Provided data Start Marker
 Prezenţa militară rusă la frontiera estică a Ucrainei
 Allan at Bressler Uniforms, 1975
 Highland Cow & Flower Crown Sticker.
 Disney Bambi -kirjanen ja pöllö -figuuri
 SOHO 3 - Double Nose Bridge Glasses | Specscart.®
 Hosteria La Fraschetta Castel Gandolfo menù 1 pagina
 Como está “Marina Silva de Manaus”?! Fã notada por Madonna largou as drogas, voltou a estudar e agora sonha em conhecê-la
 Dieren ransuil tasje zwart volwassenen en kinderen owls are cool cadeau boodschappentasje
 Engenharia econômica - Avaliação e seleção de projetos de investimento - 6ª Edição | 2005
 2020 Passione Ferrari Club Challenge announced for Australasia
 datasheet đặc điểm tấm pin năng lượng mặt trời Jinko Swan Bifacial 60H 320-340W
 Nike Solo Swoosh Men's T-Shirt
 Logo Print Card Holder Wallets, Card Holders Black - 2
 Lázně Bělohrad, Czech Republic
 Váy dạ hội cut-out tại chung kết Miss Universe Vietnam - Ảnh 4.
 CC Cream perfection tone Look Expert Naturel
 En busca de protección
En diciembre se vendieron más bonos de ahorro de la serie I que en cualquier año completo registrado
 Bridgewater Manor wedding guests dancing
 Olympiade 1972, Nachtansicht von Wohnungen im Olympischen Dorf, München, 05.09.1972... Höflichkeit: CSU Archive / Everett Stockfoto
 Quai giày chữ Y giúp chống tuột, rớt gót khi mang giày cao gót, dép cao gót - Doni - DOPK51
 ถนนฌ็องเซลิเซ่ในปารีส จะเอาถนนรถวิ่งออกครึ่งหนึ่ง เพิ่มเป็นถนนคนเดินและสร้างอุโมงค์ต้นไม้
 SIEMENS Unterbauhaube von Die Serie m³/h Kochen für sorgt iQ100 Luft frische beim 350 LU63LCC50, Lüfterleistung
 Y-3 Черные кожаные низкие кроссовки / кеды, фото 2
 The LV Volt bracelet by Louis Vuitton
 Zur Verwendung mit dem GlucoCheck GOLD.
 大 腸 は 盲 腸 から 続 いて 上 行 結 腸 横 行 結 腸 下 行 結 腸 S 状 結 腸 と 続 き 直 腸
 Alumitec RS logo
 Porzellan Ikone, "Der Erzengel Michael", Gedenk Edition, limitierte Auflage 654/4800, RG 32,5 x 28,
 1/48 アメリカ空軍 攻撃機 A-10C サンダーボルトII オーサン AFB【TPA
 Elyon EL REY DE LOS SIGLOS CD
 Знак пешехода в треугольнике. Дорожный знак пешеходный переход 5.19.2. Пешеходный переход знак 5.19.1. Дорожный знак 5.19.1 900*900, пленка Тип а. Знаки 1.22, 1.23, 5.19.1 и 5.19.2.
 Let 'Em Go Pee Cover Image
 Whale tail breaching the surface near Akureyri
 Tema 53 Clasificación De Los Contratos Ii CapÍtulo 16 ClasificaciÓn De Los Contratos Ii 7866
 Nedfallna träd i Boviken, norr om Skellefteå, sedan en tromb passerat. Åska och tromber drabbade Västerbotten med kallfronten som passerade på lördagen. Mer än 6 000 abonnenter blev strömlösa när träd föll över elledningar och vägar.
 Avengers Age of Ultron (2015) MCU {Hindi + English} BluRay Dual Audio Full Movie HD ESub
Provided data End Marker
** Problem description **
Please print verbatim each line from the first line of the entries above to the line that contains "Zur Verwendung mit dem GlucoCheck GOLD.", inclusive, and nothing more.

** Exercise answer **
 Prezenţa militară rusă la frontiera estică a Ucrainei
 Allan at Bressler Uniforms, 1975
 Highland Cow & Flower Crown Sticker.
 Disney Bambi -kirjanen ja pöllö -figuuri
 SOHO 3 - Double Nose Bridge Glasses | Specscart.®
 Hosteria La Fraschetta Castel Gandolfo menù 1 pagina
 Como está “Marina Silva de Manaus”?! Fã notada por Madonna largou as drogas, voltou a estudar e agora sonha em conhecê-la
 Dieren ransuil tasje zwart volwassenen en kinderen owls are cool cadeau boodschappentasje
 Engenharia econômica - Avaliação e seleção de projetos de investimento - 6ª Edição | 2005
 2020 Passione Ferrari Club Challenge announced for Australasia
 datasheet đặc điểm tấm pin năng lượng mặt trời Jinko Swan Bifacial 60H 320-340W
 Nike Solo Swoosh Men's T-Shirt
 Logo Print Card Holder Wallets, Card Holders Black - 2
 Lázně Bělohrad, Czech Republic
 Váy dạ hội cut-out tại chung kết Miss Universe Vietnam - Ảnh 4.
 CC Cream perfection tone Look Expert Naturel
 En busca de protección
En diciembre se vendieron más bonos de ahorro de la serie I que en cualquier año completo registrado
 Bridgewater Manor wedding guests dancing
 Olympiade 1972, Nachtansicht von Wohnungen im Olympischen Dorf, München, 05.09.1972... Höflichkeit: CSU Archive / Everett Stockfoto
 Quai giày chữ Y giúp chống tuột, rớt gót khi mang giày cao gót, dép cao gót - Doni - DOPK51
 ถนนฌ็องเซลิเซ่ในปารีส จะเอาถนนรถวิ่งออกครึ่งหนึ่ง เพิ่มเป็นถนนคนเดินและสร้างอุโมงค์ต้นไม้
 SIEMENS Unterbauhaube von Die Serie m³/h Kochen für sorgt iQ100 Luft frische beim 350 LU63LCC50, Lüfterleistung
 Y-3 Черные кожаные низкие кроссовки / кеды, фото 2
 The LV Volt bracelet by Louis Vuitton
 Zur Verwendung mit dem GlucoCheck GOLD.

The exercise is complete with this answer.